Rhuna just shrugged. She didn’t seem keen on caring.
Rye heaved a sigh. The worst part was, she herself wasn’t sure which it was. Yes, Rhuna had launched one desperate attack on her mind when Elia stabbed her body with the shard knife, and yes, Rye had in that moment wished that she would be dead.
But it was the same feeling you’d get if someone dropped a rabid hedgehog in your hands. You’d throw it away, and wouldn’t dare to make sure that it was dead.
And like the scourge that she was, one day, Rhuna was there again.
Rye just couldn’t for the life of herself find out how Rhuna had come back at all. “Also, I wouldn’t have the balls regardless. I know enough of your lingo, dog, to know that it doesn’t make sense.”
Rhuna barked a laugh. “Gods, you’re insufferable. By the way, what happened to my shard of shapes?”
“I ate it. Does it feel bad that a weakling like me found that crutch you were using to live your perverted life?”
Rhuna snorted. “Liar.”
Rye seethed and in turn, the walls threw off steam. This was leading nowhere.

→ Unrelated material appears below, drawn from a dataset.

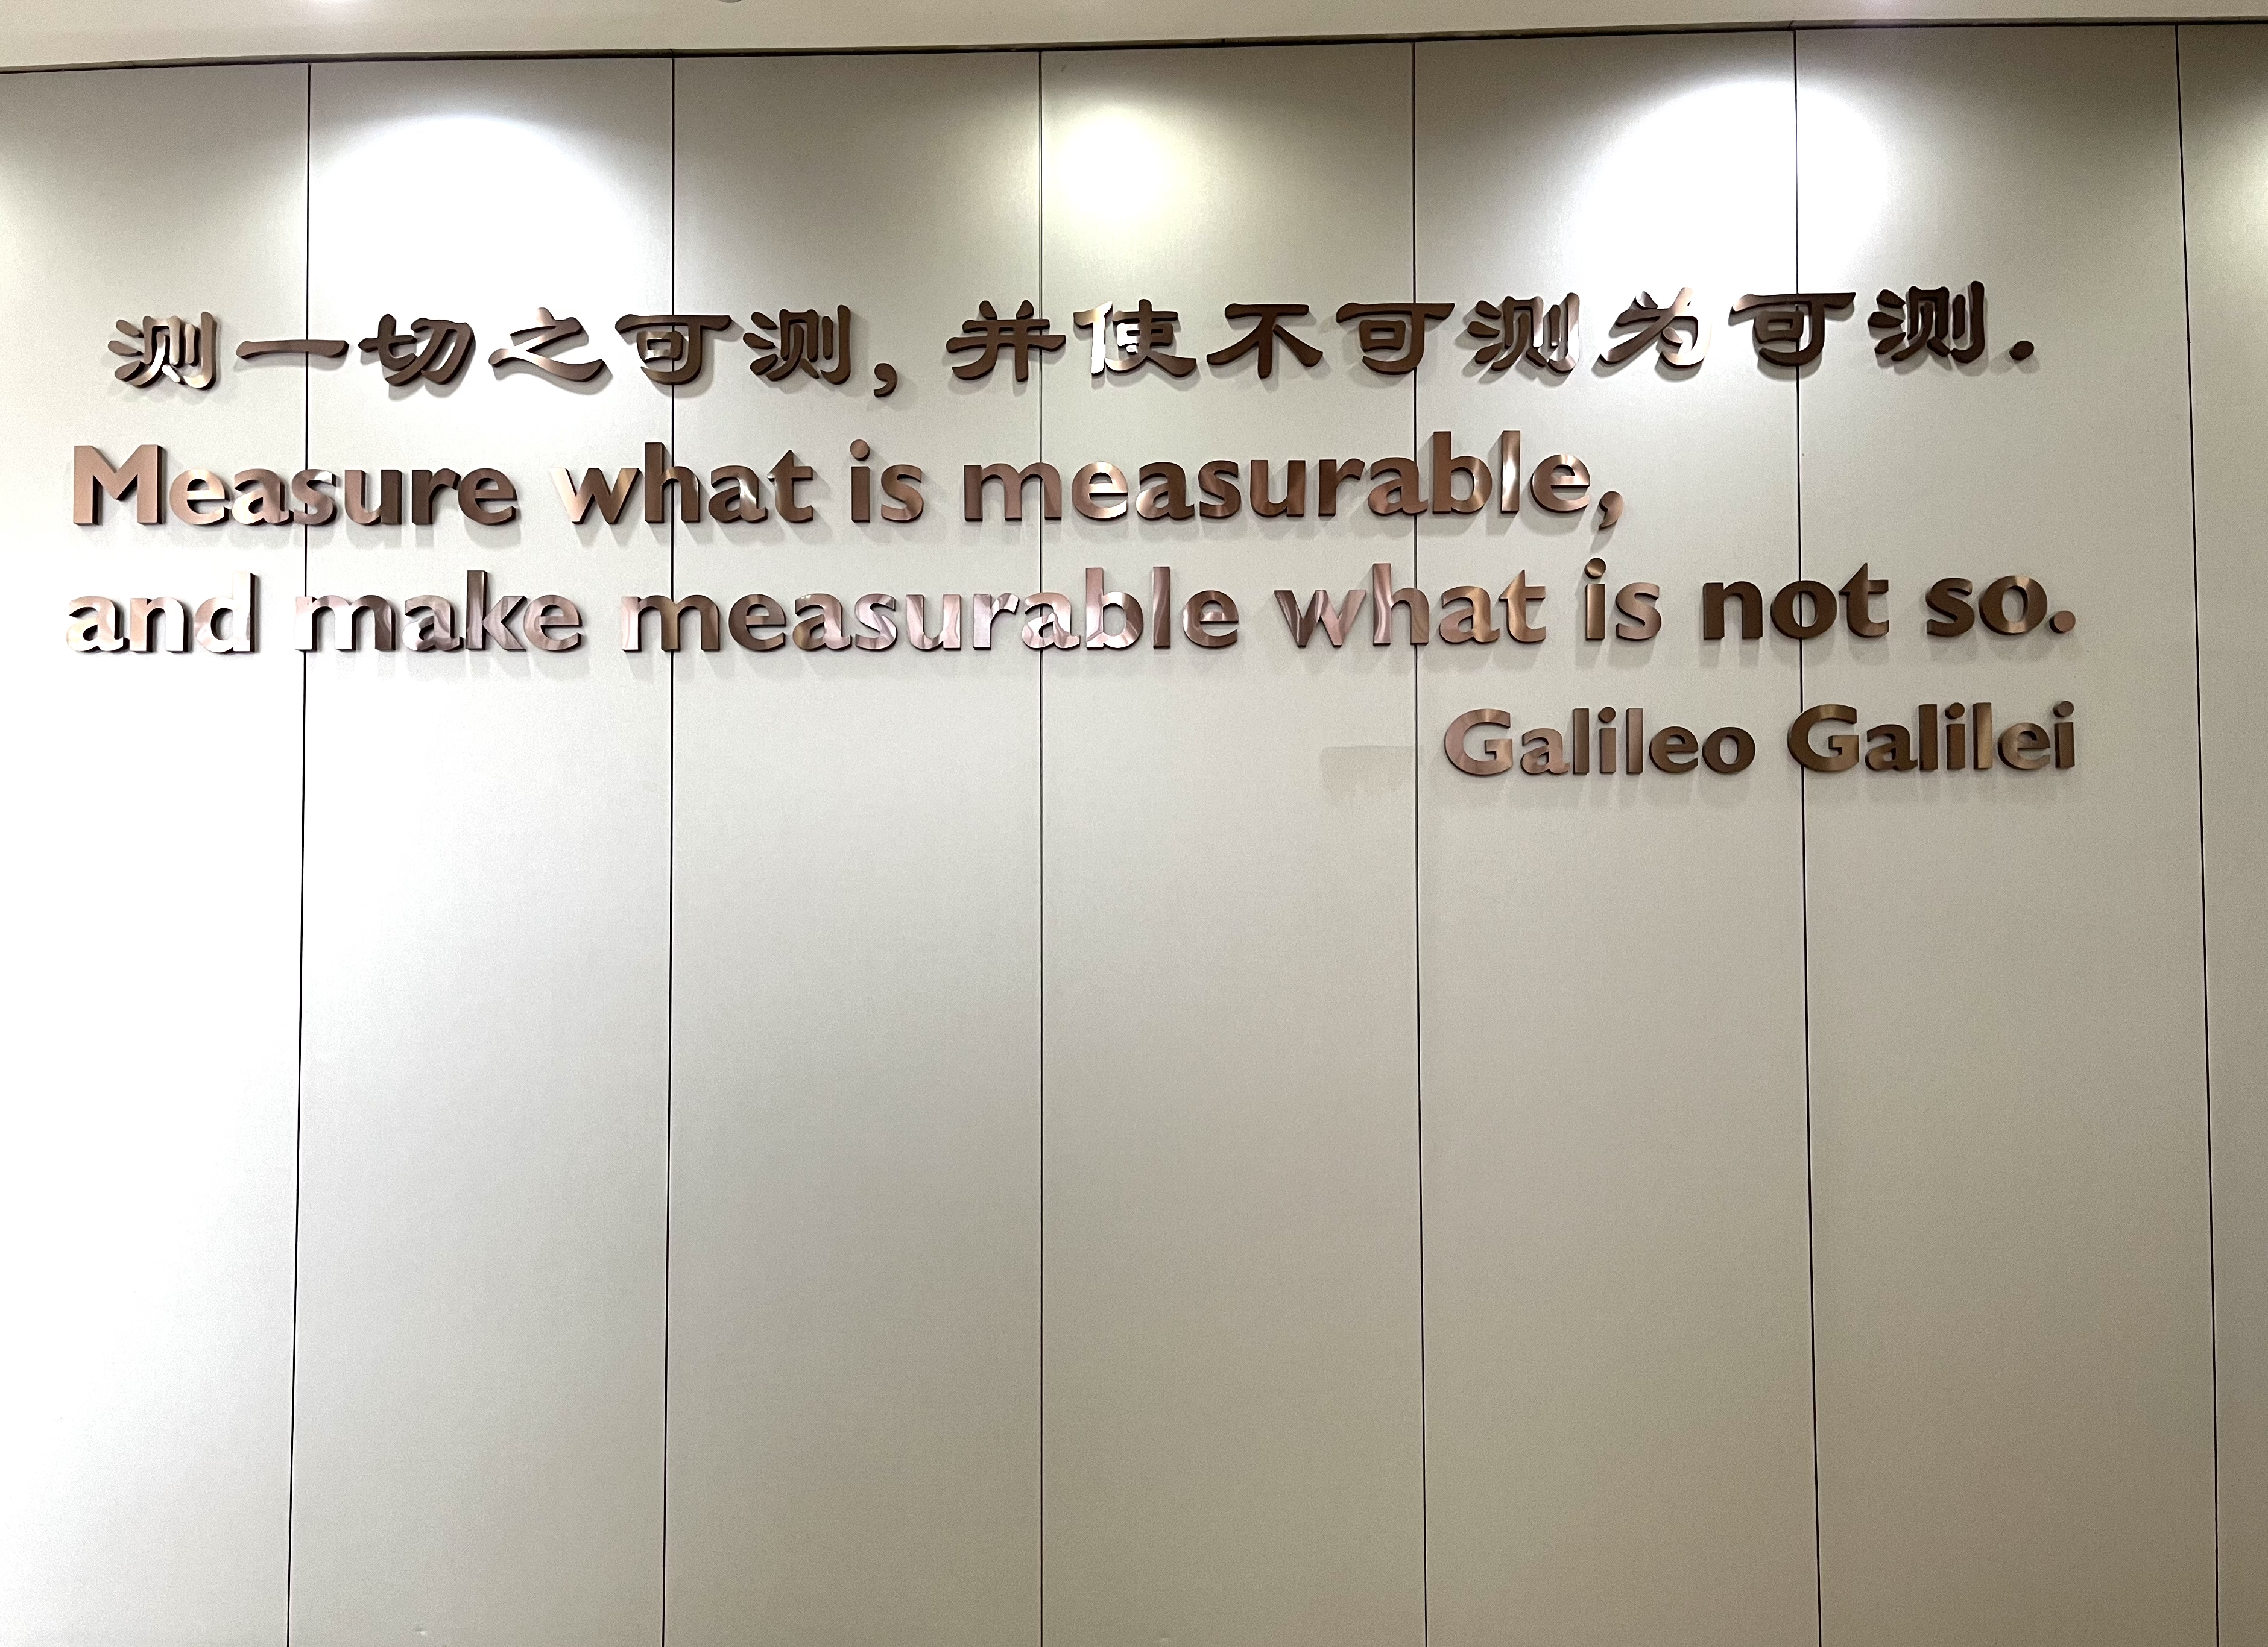 复旦大学人类表型组研究院墙上标语   澎湃新闻记者 张慧 图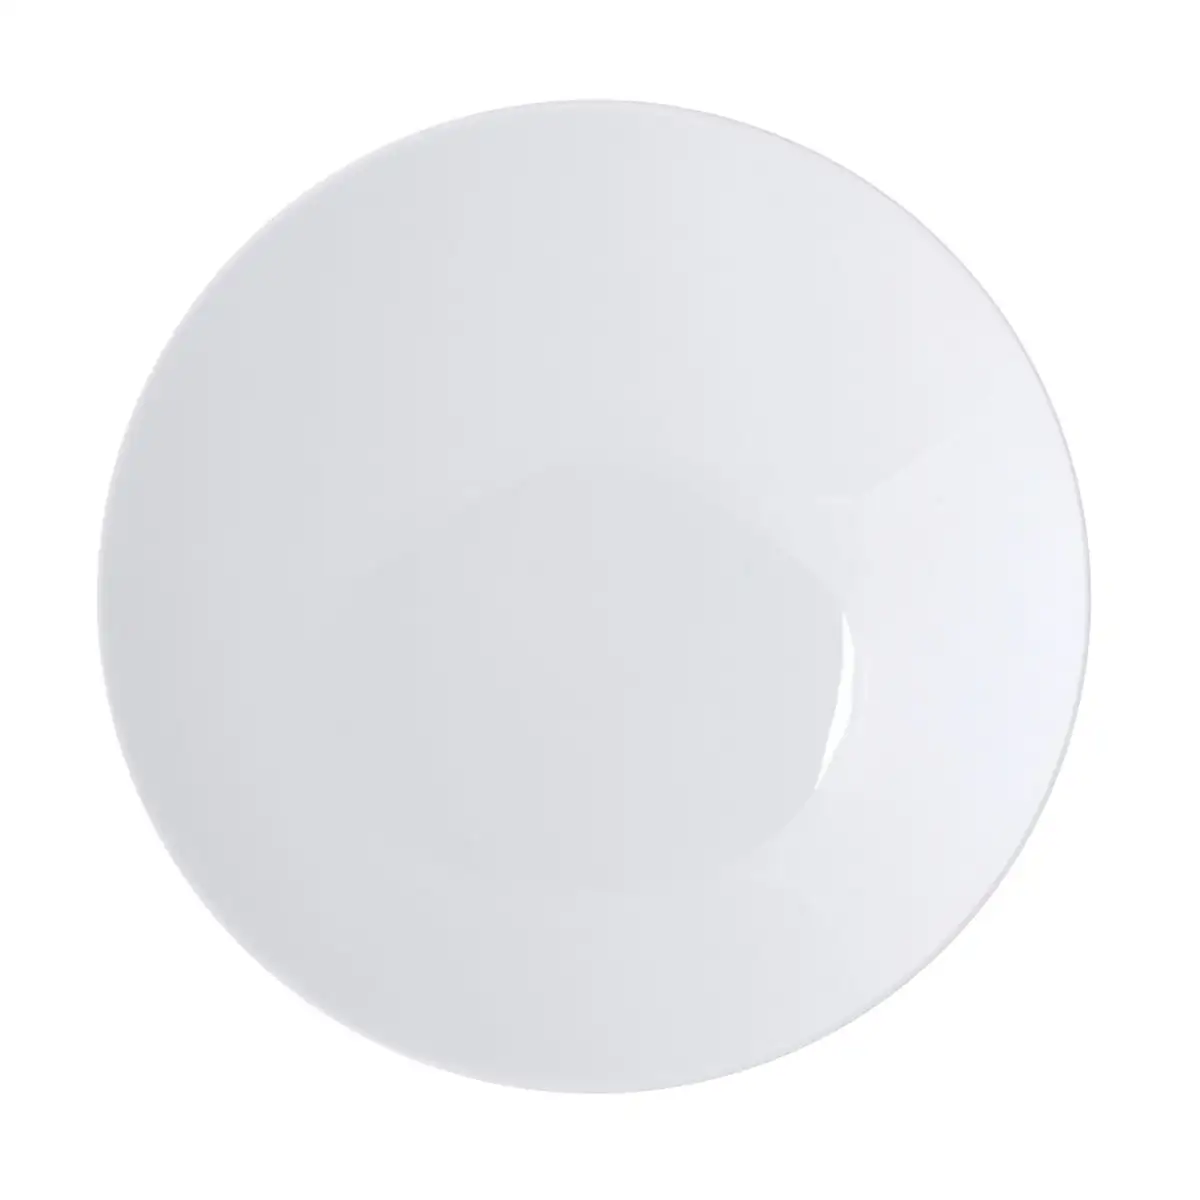 Assiette creuse ariane coupe ceramique blanc 20 cm pack 6x _1605. DIAYTAR SENEGAL - Là où Chaque Achat a du Sens. Explorez notre gamme et choisissez des produits qui racontent une histoire, votre histoire.

“We’re done here,” Rye said and got up.
“Bye-bye, pussy.”
Just as she turned to leave, she ducked under the basket as it whizzed past her head.
“That was pretty good food for a scrub, scrub. Make sure to bring more next time.”
Maybe there won’t be a next time. Maybe I’ll let you rot in that cell forever.
With a snap and a gust of wind, the world around her washed away, leaving Rye in her bed, blinking away the tiredness of her quick sleep. It was dark out, darker than usual. Rye approached the window, where a light drizzle of rain had arrived in turn with a distant roll of thunder.
“What am I even doing with my life?” she asked. “What’s the point?”
“Perhaps you require an additional perspective.”
Every one of Rye’s hairs stood on end as she turned to face the source of the unfamiliar voice. Right on her bed where she had only been moments before, the bedsheets were alive with movement. Tiny, tarry-black worms devoured her blankets, the middle of her bed falling in on itself while the legs grew outwards as if the wood had just found its second spring.
Her left arm ached something fierce.
Your gift recognizes kin. Listen to the feeling in your bones.
“And what kind of feeling would that be?” she asked as she crept along the wall towards her staff.
The feeling of wrongness at the state of the world. The desire to change it, mold it, until your desires fit it like a gauntlet. Join us, o’ gifted one.
“And if I preferred not to?”
The figure paused, then rose until it blotted out what little light was entering the room.
Then like the Rhuna before, in the name of our Lord Avon, we come for your head.